The odd man out in the photograph was easily Barry Hargreaves. A mature student, at the time of the killing he’d been forty-one years old. Six foot two and balding, he looked like the construction worker he’d been until having what DI Gorman clearly thought was a somewhat typical mid-life crisis. Hargreaves, married for twenty years with teenage twin
daughters
, had apparently woken up one morning and decided that he should put his brains to better use, and had taken A-levels in mathematics and physics at night school. He’d left regular school at sixteen in spite of a raft of excellent O-Levels in order to earn money, and had, until then, never seemed to regret it. He’d gained a place at one of the newer colleges through the auspices of some government scheme or other, and was in the first year of a three-year course in Mathematics.

Idly, Hillary wondered if he’d ever finished the course, and wondered what he was doing now. But then, no doubt, within the next few days she’d be finding out, for all four of them were suspects in Thompson’s murder.

Along with the house’s owner, sixty-four-year-old Wanda Landau, who lived in the basement flat, it seemed unlikely that anyone else had access to Rowan’s room.

Wanda Landau had discovered him in his room at about ten o’clock in the morning. He’d been lying on the floor, roughly halfway between his bed and the sofa, with the scissors which had killed him lying beside him. From the crime scene photos, it was obvious that the room had been used as some sort of
workshop
, for swathes of coloured fabrics draped a lot of the unfashionable, brown wood furniture, and a sewing machine was set up on his table.

Gorman quickly established that Darla often made her own clothes, and tended to use Rowan’s room to do so, because it was bigger than her own, and gave her more space.

She’d admitted that the scissors were hers, and were kept sharp in order to cleanly cut the silks and satins that she preferred.

Forensics had discovered that whoever had killed him had washed the scissors at the small washbasin beside the bed – and probably their hands too – before tossing the scissors down beside the body and leaving.

Gorman had ascertained that it was almost certain, due to the amount of blood at the scene, and the probability of arterial spraying, that the killer must have had a considerable amount of blood all over him – or her. But no witnesses came forward who could remember seeing anyone in the area at the time, walking down the street with blood on their clothing. Of course, it was the middle of winter so the killer could have taken off their coat, stabbed Rowan, and then donned probably a long coat to cover their bloodstained clothes.

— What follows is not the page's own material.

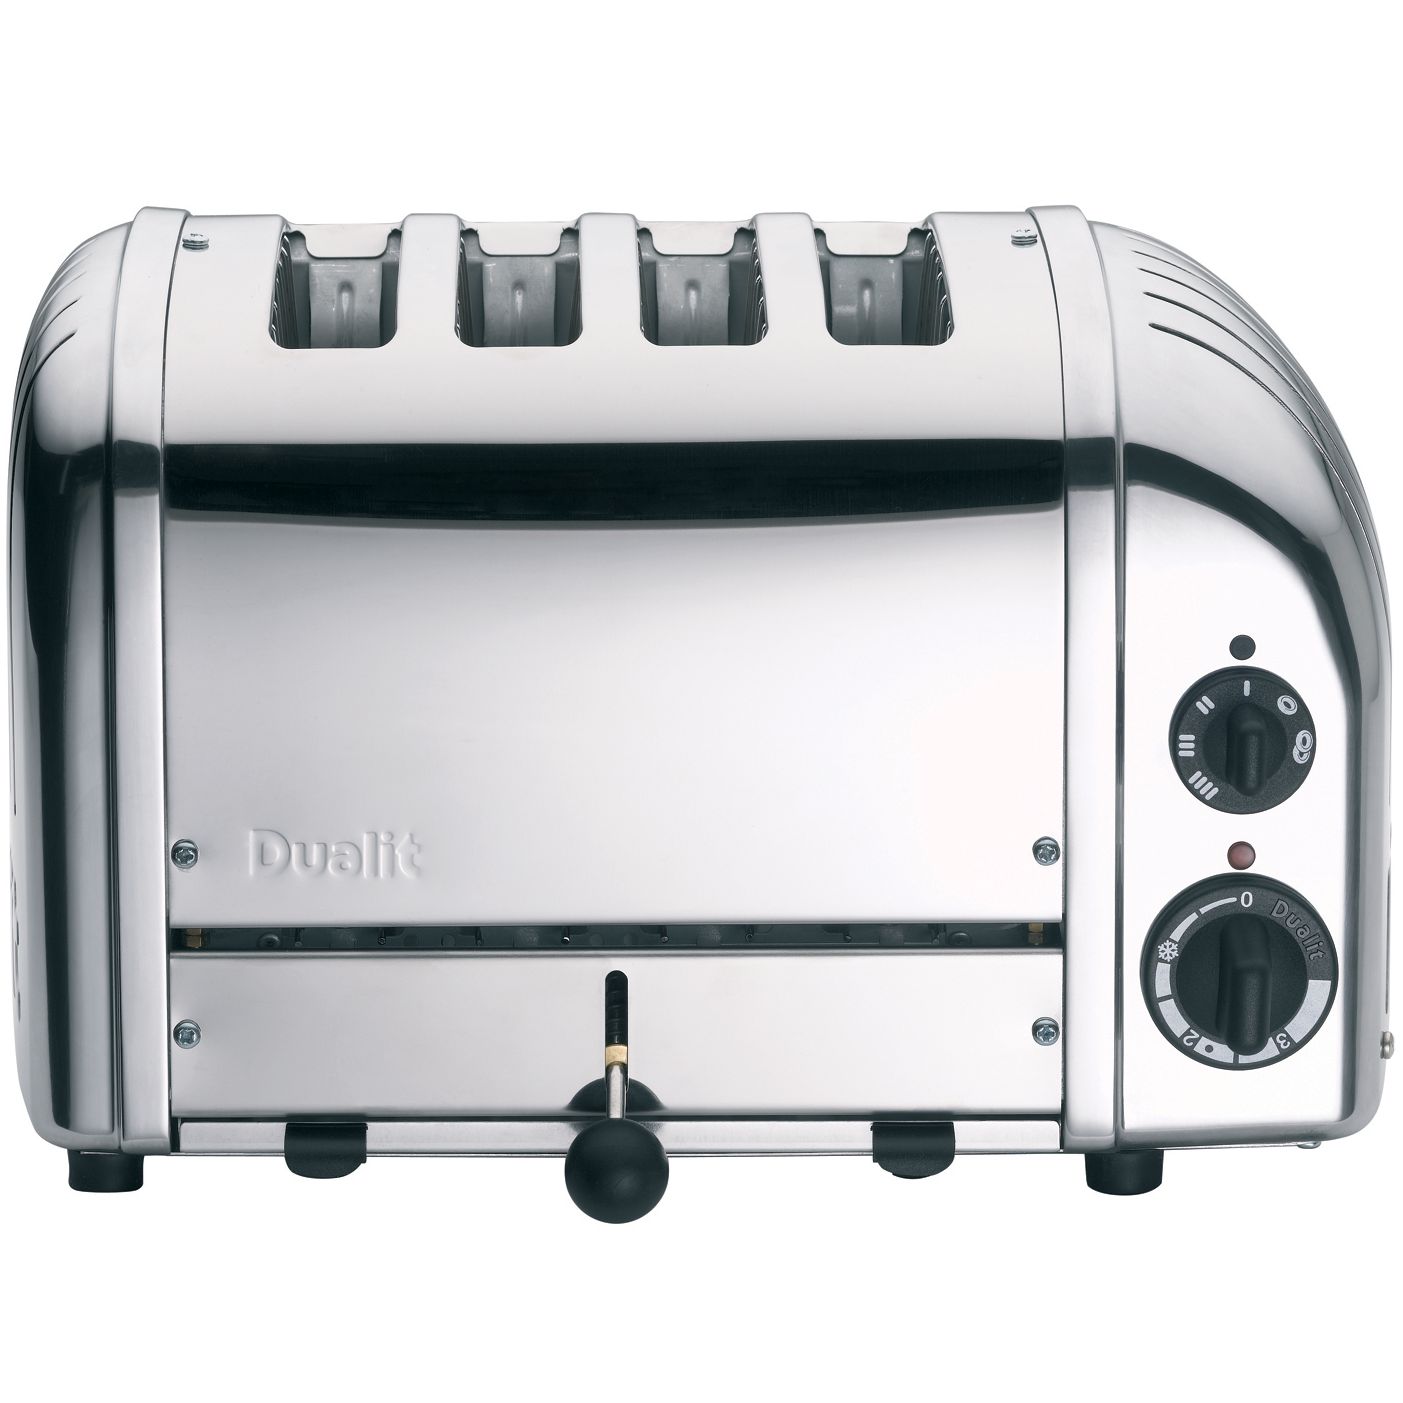 Dualit NewGen Toaster, 4-Slice, Polished Stainless Steel at JohnLewis

Or, far more likely, it was someone in the house. Although Rowan’s bedroom door had not been locked – and indeed, according to Gorman, the rest of the students were also in the habit of leaving their individual room doors unlocked – Mrs Landau always kept the main front and back doors locked, as well the door to her own flat.

So it seemed unlikely that a stranger would have been able to just wander in and gain entry that way, and Wanda Landau was adamant that she’d never let anyone in that morning. Rowan had been seen by all the others earlier on, and the ME had put the time of death at between 8.45 and 9.00 in the morning.